Parlando della sua vita viene fuori di tutto: è laureata in lettere e ha pure insegnato in una scuola serale ma a un certo punto ha mollato «perché non era una situazione serena. Gli uomini mi chiedevano il numero…». Adora cantare ed è appena stata la madrina di una crociera gay per un’importante compagnia navale. È amica di Christian De Sica, con cui ha recitato, e di Simona Ventura. Si è innamorata una volta sola e di una persona che non le ha dato niente così adesso vive dell’amore di amici e famiglia. Ecco un tema importante: una famiglia che l’ha sempre supportata. Parla di loro come di angeli, descrive una madre che la accompagnava agli interventi e un padre imprenditore che la ama a dismisura. «Loro mi hanno accettata e capita per ciò che sono». Poi mi racconta del rapporto coi suoi fan, di quanti ha aiutato a fare outing, delle madri che le scrivono per chiederle consiglio su come gestire la situazione con un figlio transgender o gay. «Penso che i genitori abbiano il diritto di sapere se un figlio è gay. Non si può nascondere. Loro ti hanno messo al mondo e tu da figlio hai il diritto di dirlo, qualunque sia la reazione, tanto il tempo aggiusta tutto». Insomma, fa praticamente volontariato e mi sorprende che si parli di lei, sia sui giornali che durante eventi del mondo LGBT, solo come di un fenomeno del web.
Ma se la sua è una storia atipica, come mai non l’ho mai sentita raccontare in televisione?
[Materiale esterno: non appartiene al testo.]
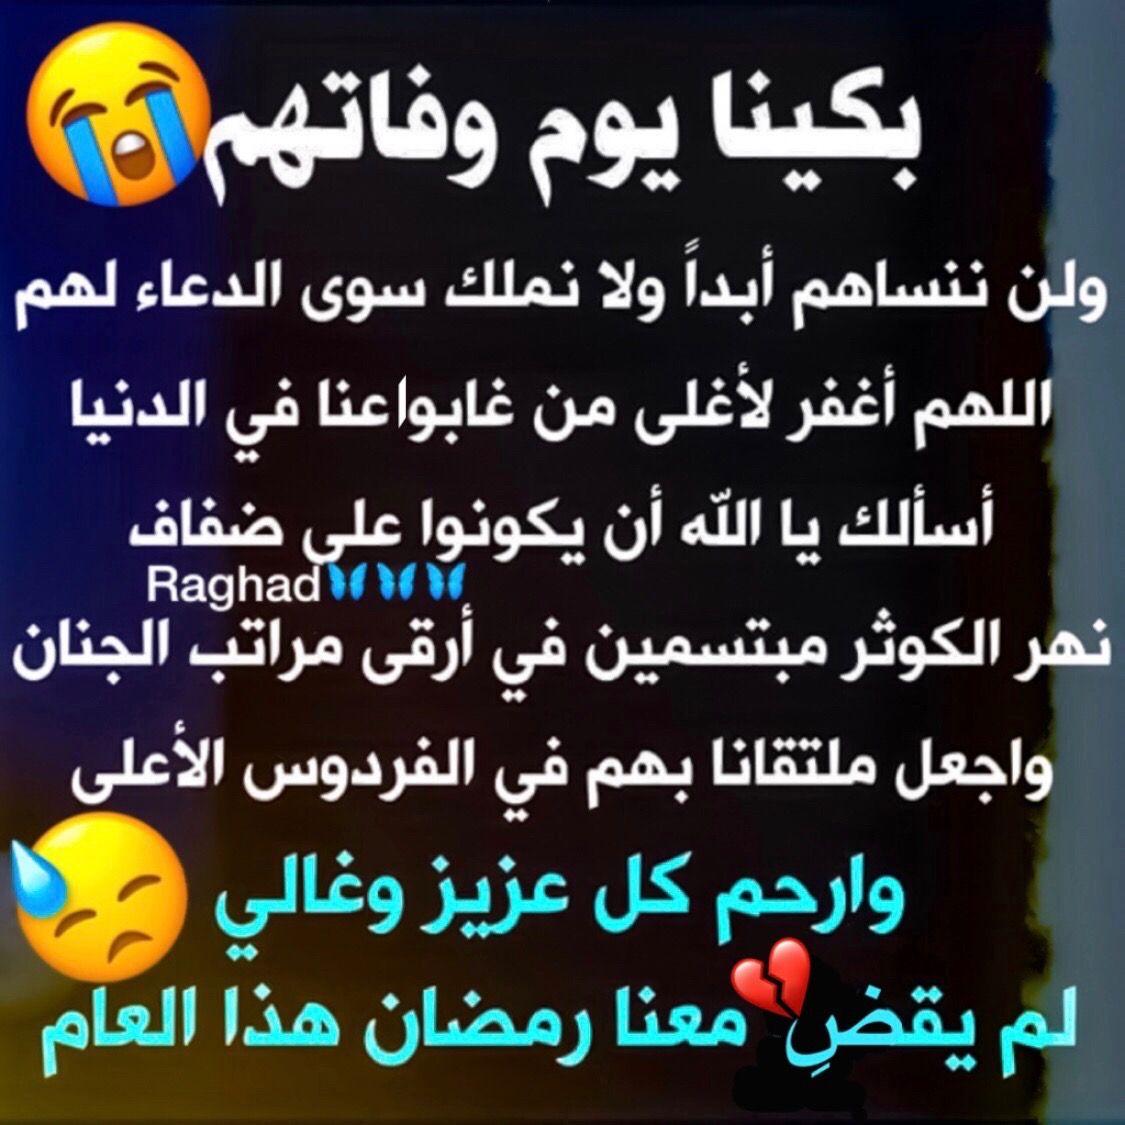 Desertrose اللهم ارحم أبي وأمي واغفر لهما وارزقهما الفردوس الأعلى من الجنة بلا حساب ولا سابق عذاب Ramadan Kareem Ramadan Kareem

La risposta a questa domanda è che Elenoire è lo specchio dei nostri tempi. Abbiamo tutti una gran furia, non ci soffermiamo mai abbastanza ad approfondire le cose perché ci sono troppi stimoli. Lei al solo sentir nominare la tv ribalta gli occhi all’indietro: «Figurati… non vanno oltre al mio personaggio. Il mondo della tv è una piccola mafia, invitano solo chi vogliono loro e al patto che dica ciò che vogliono loro. In tv non potrei mai fare una chiacchierata come questa, li mi chiamerebbero solo per parlare di droghe, clienti, cazzi o “Carpisa è il male”. Mai ricevuto una chiamata dalla D’Urso. Sarà una gran professionista, ma umanamente la disprezzo».
Quando scendiamo in strada per salutarci mi sento ancora più goffo di quando l’ho incontrata. Di lei ho l’immagine dei video che sembrano frivoli ma sono geniali. Quante volte ho urlato alla mia ragazza: Carpisa è il male! Quante volte li ho guardati in totale adorazione? Quante volte ho riso leggendo il suo decalogo sul perché non rispondere mai su WhatsApp, che è volgare? La cosa che mi ha sempre affascinato è il loro potenziale allegorico, la capacità di scherzare su cose “povere” per difendere un ideale astratto e alto in tempi bui e conformisti.
Mentre la saluto mi rendo conto di tutto questo e mi emoziono. Voglio esserci, allora forse per la terza volta nella vita mi faccio una foto con una persona famosa. Viene male, cioè io vengo male. Lei invece risplende, fiera, perfetta in ogni scatto. Così la lascio andare col suo passo svelto, mentre si fa spazio nella folla e mi saluta con lo stesso mantra che mi rimarrà in testa per diversi giorni ancora: «Elenoire Ferruzzi non ho paura di niente e di nessuno. Scrivilo. C’è sempre una soluzione a tutto».